Indonesia dan Jepang kembali menegaskan komitmen untuk memperdalam kerja sama pertahanan, khususnya di sektor maritim, melalui pertemuan tingkat tinggi di Jakarta. Menteri Pertahanan Republik Indonesia Sjafrie Sjamsoeddin menerima kunjungan kehormatan Chief of Staff Japan Maritime Self-Defense Force (JMSDF), Laksamana Saito Akira, di Kantor Kementerian Pertahanan, pada Kamis.
Dalam pertemuan tersebut, Sjafrie menyampaikan apresiasi atas terselenggaranya Navy Dialogue Indonesia–Jepang yang digelar di Jakarta pada 20 Januari 2026. Forum tersebut dinilai menjadi platform strategis untuk memperkuat pertukaran pandangan, koordinasi kebijakan, serta peningkatan kerja sama antara angkatan laut kedua negara.
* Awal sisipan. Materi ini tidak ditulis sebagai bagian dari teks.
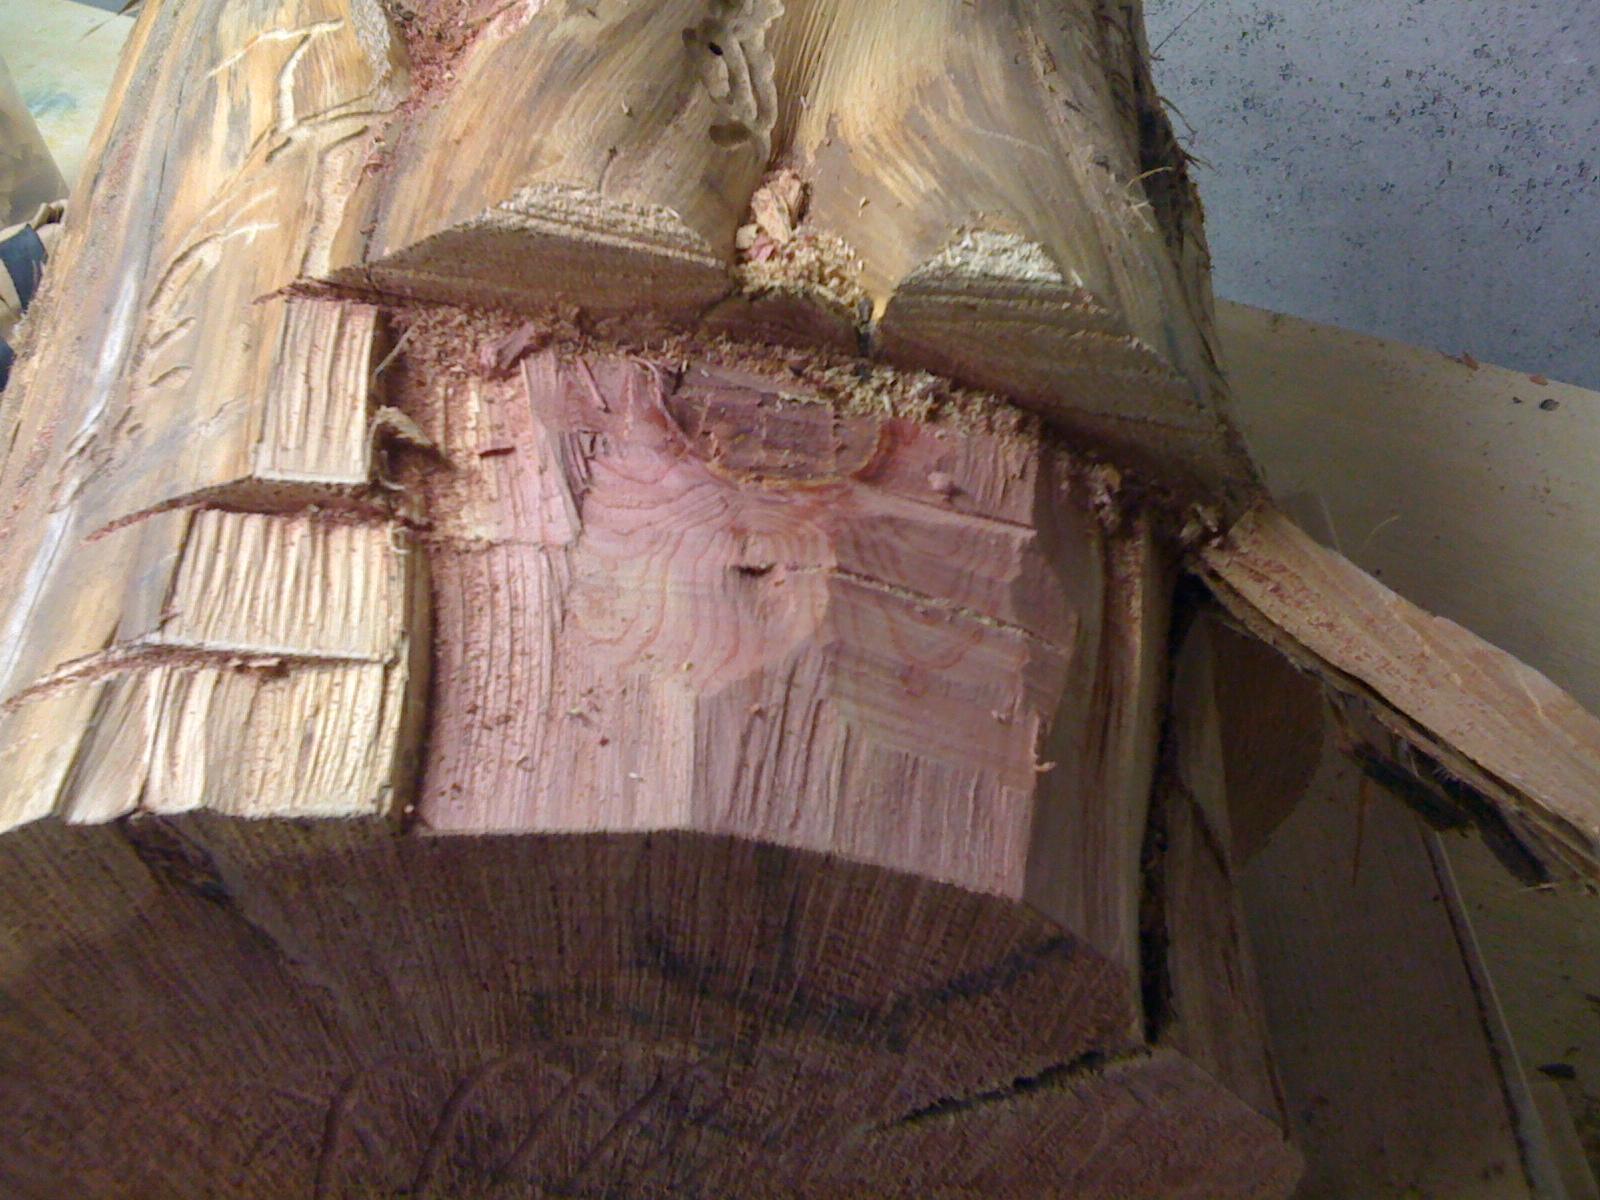 Section of cedar log
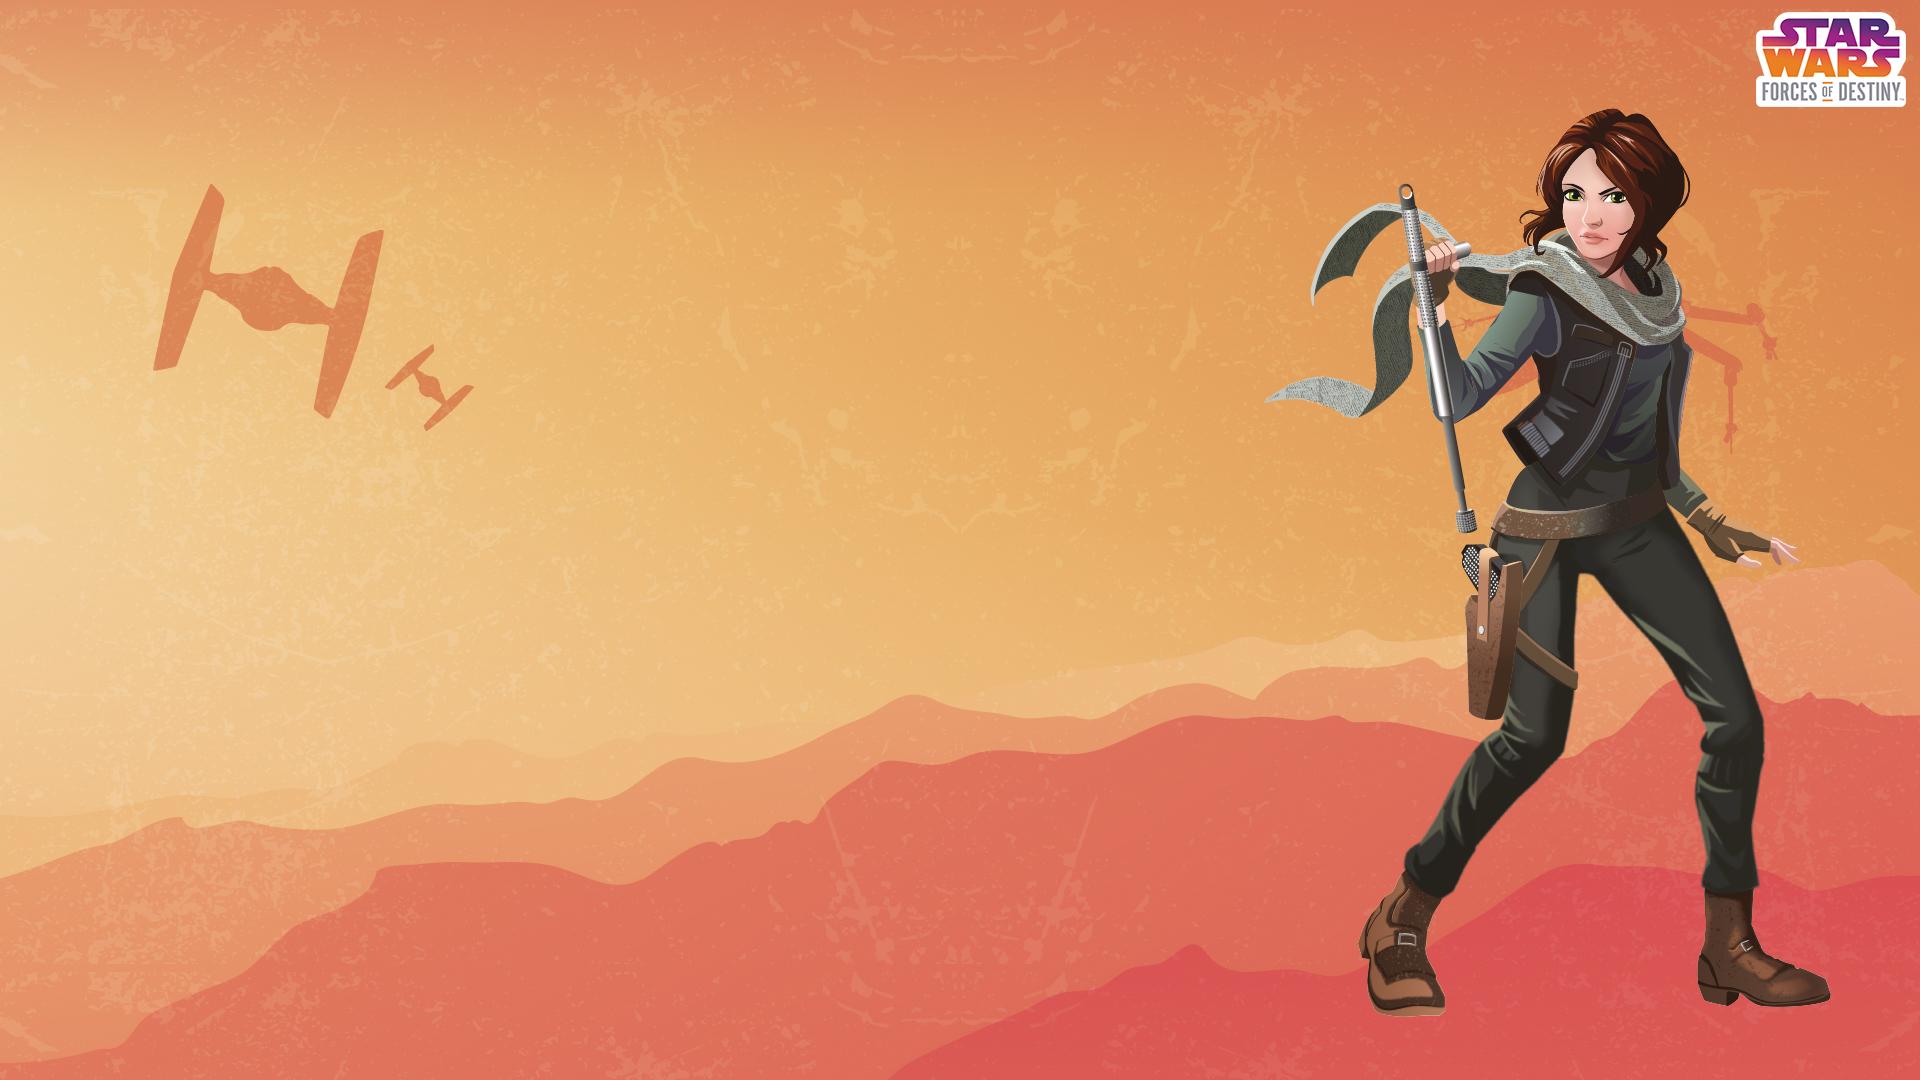 Star Wars Forces Of Destiny Desktop Wallpapers Youloveitcom

Pembahasan kedua pihak mencakup sejumlah agenda utama, mulai dari kerja sama alat utama sistem persenjataan (alutsista), pengembangan teknologi pertahanan, hingga peluang pelaksanaan latihan bersama, termasuk dalam format multilateral.
Di luar sektor pertahanan, Jepang menjadi salah satu mitra ekonomi utama Indonesia. Kontribusi Jepang melalui skema Official Development Assistance (ODA), termasuk dukungan pembiayaan proyek Mass Rapid Transit (MRT) Jakarta. Selain itu, investasi Jepang juga tercatat masuk ke berbagai proyek strategis, seperti pelabuhan, pembangkit listrik, dan infrastruktur lainnya.
Pertemuan ini juga menegaskan kesamaan pandangan Indonesia dan Jepang mengenai pentingnya menjaga stabilitas serta keamanan kawasan Indo-Pasifik. Dialog pertahanan yang berkelanjutan dipandang sebagai instrumen penting untuk mendorong transparansi, kerja sama praktis, dan stabilitas regional.
Dalam kesempatan itu, kedua pihak menyoroti pentingnya peningkatan kapasitas sumber daya manusia melalui pertukaran pengetahuan dan pengalaman di bidang pertahanan maritim.
Pertemuan tersebut turut dihadiri sejumlah pejabat Kementerian Pertahanan RI, termasuk Kepala Badan Logistik Pertahanan dan Direktur Jenderal Strategi Pertahanan.